I was recently forwarded an article published on the BBC website, which outlined calls by the Conservative Government in the UK to scrap the Census in its current format. The premise of their argument is that it has become too expensive and that the data can be obtained from other sources. Having worked with Census data for many years, I’ve certainly come across this argument many times. But how true is this? Can the data be obtained elsewhere? And can the argument come down to mere dollars? Let’s have a closer look at some of the issues.
I can really only address this argument from an Australian perspective, and though there are some similarities in the way the UK Census is conducted, the most obvious difference is timing. In the UK the Census is conducted every ten years, whereas in Australia it’s every five. The ABS estimates that the 2011 Census cost $440 million, or $19 per person (Read more about the cost of Census here). Economists love being able to measure things in monetary terms, but life isn’t that black and white and the benefits of the Census aren’t necessarily tangible.
A foundation for democracy – hmmm sounds important!
For example, one of the main reasons Australia holds a Census is to determine electoral boundaries based on the distribution of population.
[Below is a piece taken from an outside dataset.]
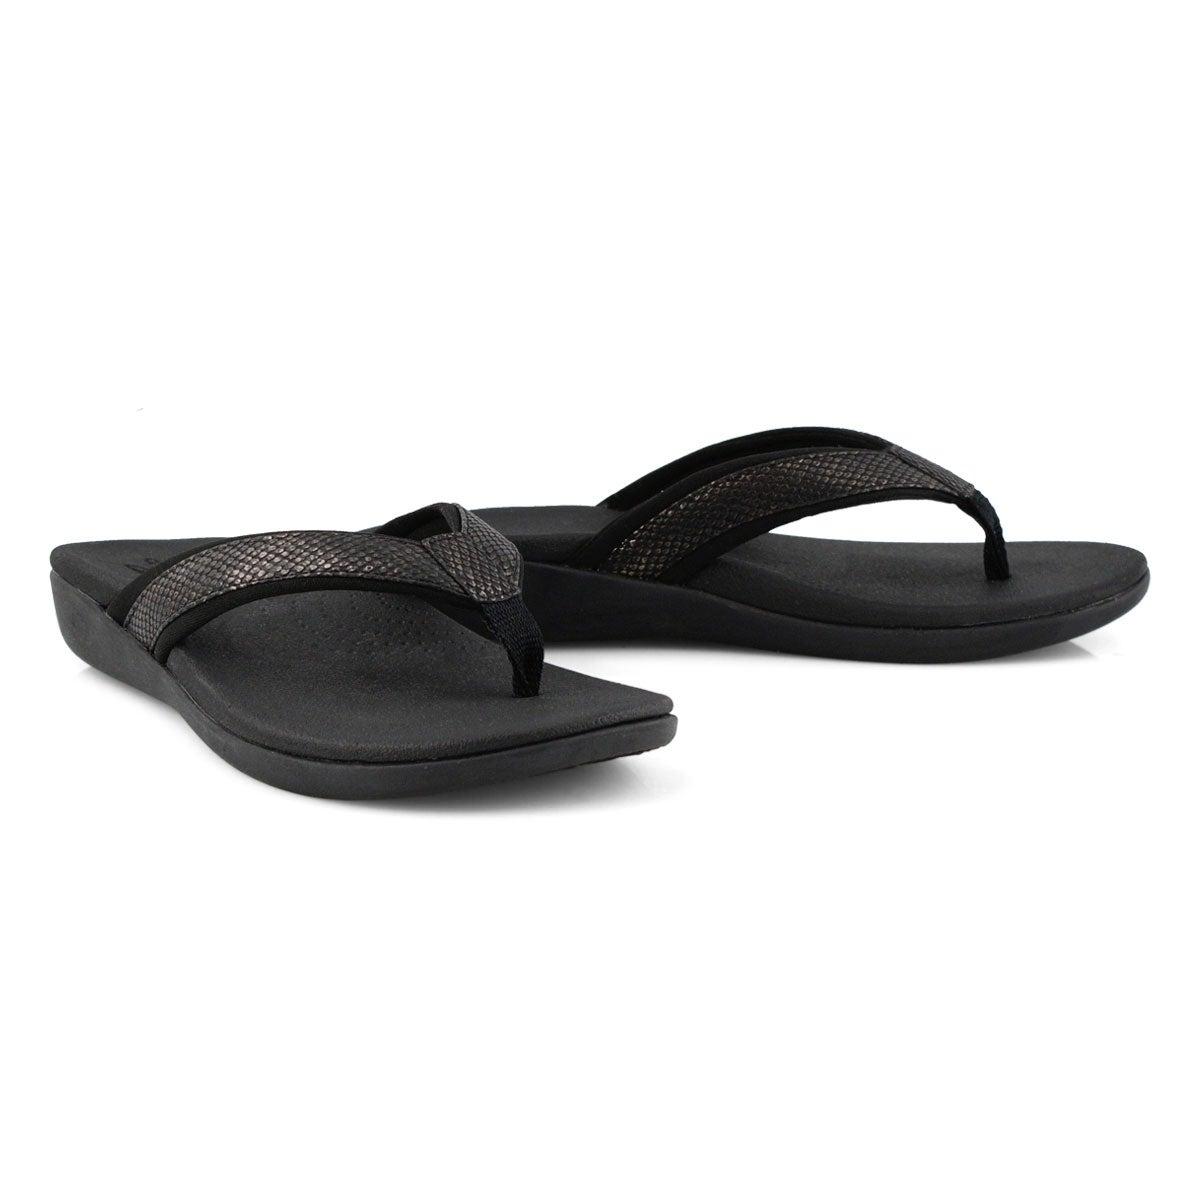 Lds Brio Sol black snake casual sandal
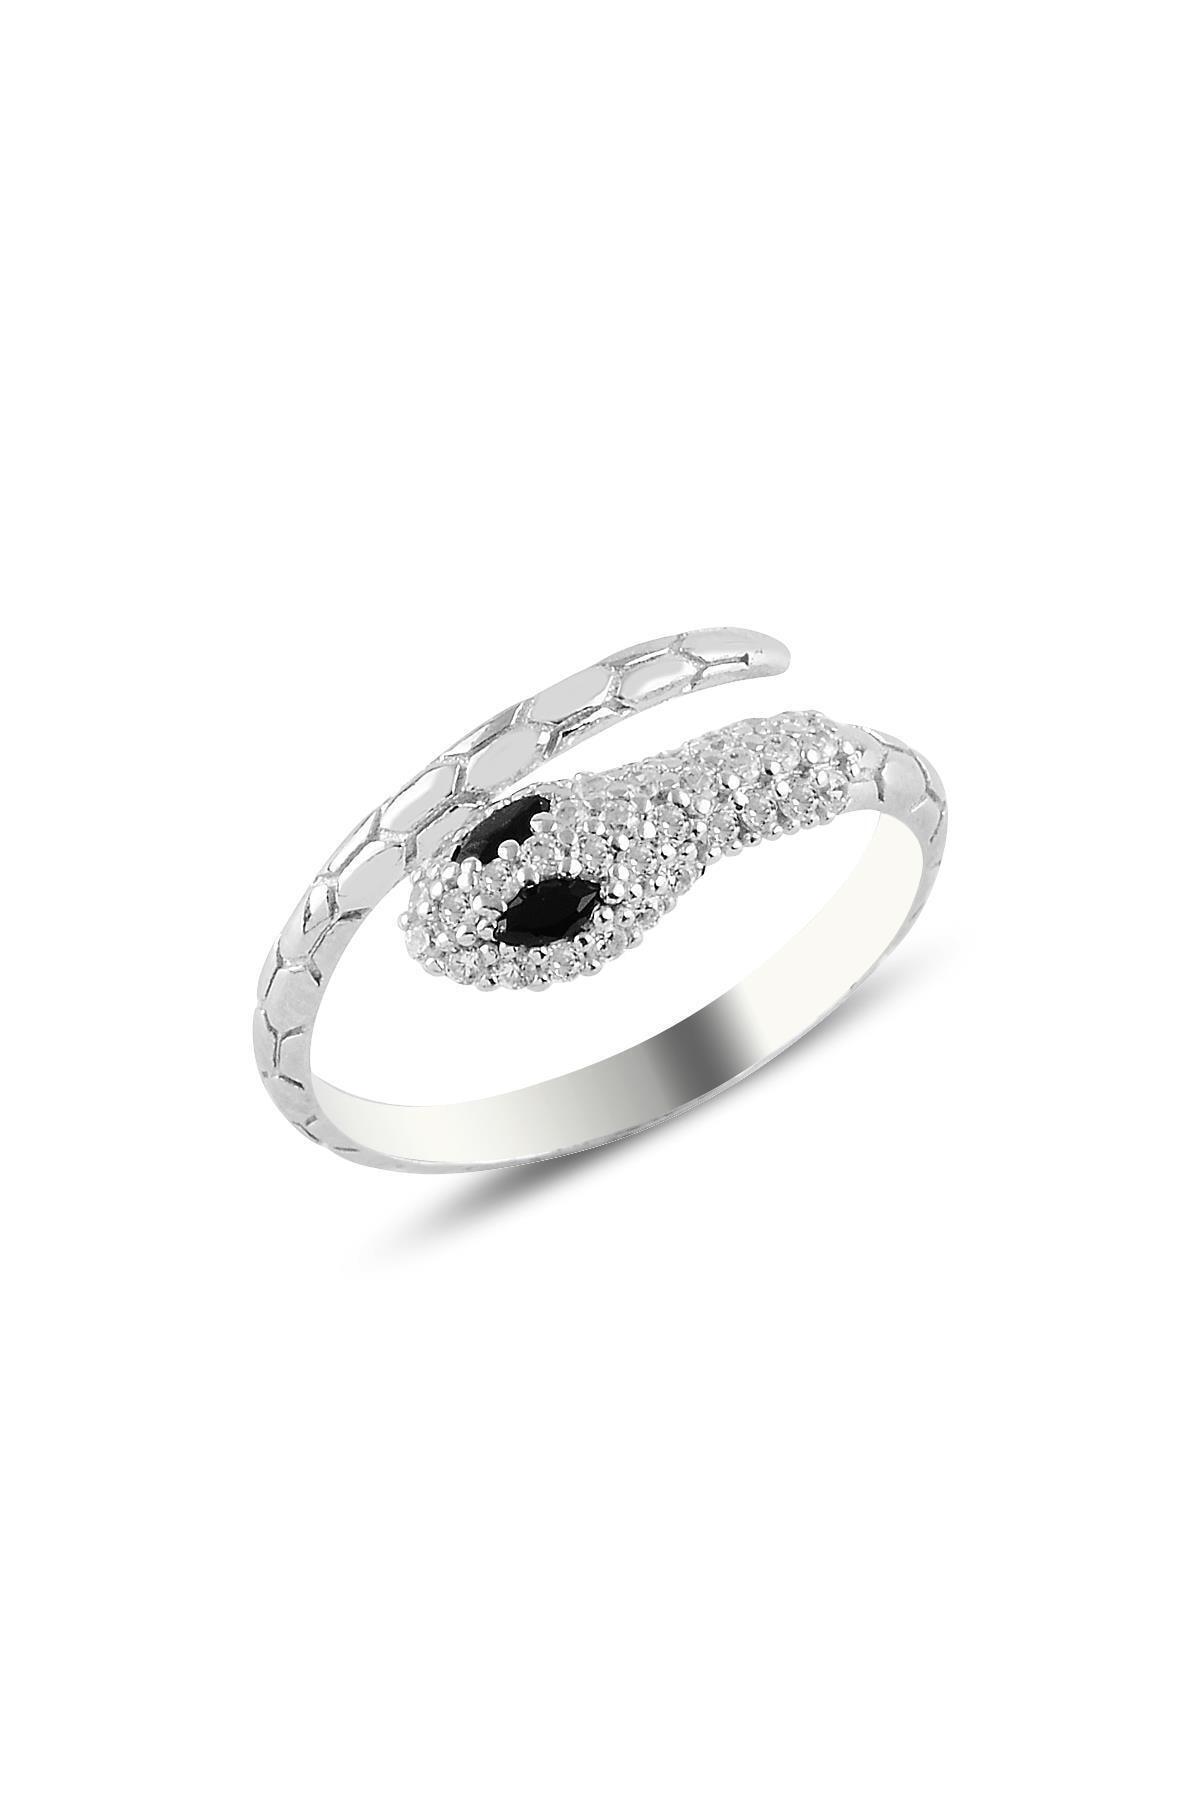 انگشتر زنانه خاص برند Söğütlü Silver رنگ مشکی کد ty89651905

Cynicism aside, this is a foundation of our democracy and it requires a sound evidence base to support it. Furthermore, many billions of dollars are allocated on the basis of Census data. In fact, I think it’s great that Australia has a Census every five years rather than every ten, because we get such rich data that enables analysis of urban and regional change on a more frequent basis. I couldn’t imagine having to wait ten years for the data to be updated, like in the UK or US.
The ABS claims (and I have no reason to doubt them) that the Census is the largest logistical exercise undertaken in Australia. The field workforce is enormous, encompassing staff in the ABS offices across Australia, Area Supervisors, and of course, the Collectors at the coalface. This is clearly one of the major costs, but if the Census is going to be successful, some effort needs to be put into the human resource side of the equation. There are a variety of different roles but the most obvious one to most people is that of the Collector, whose job it is to deliver and collect a Census form from every dwelling in the workload. Anyone who has worked on the Census will tell you this is not necessarily an easy task, especially in a country with a settlement pattern ranging from dense urban to very remote. Minor differences in procedures aside, this approach has the advantage of a stable field methodology across the entire country, which is the basis of a sound dataset.
The “data from other sources” argument – how realistic is it?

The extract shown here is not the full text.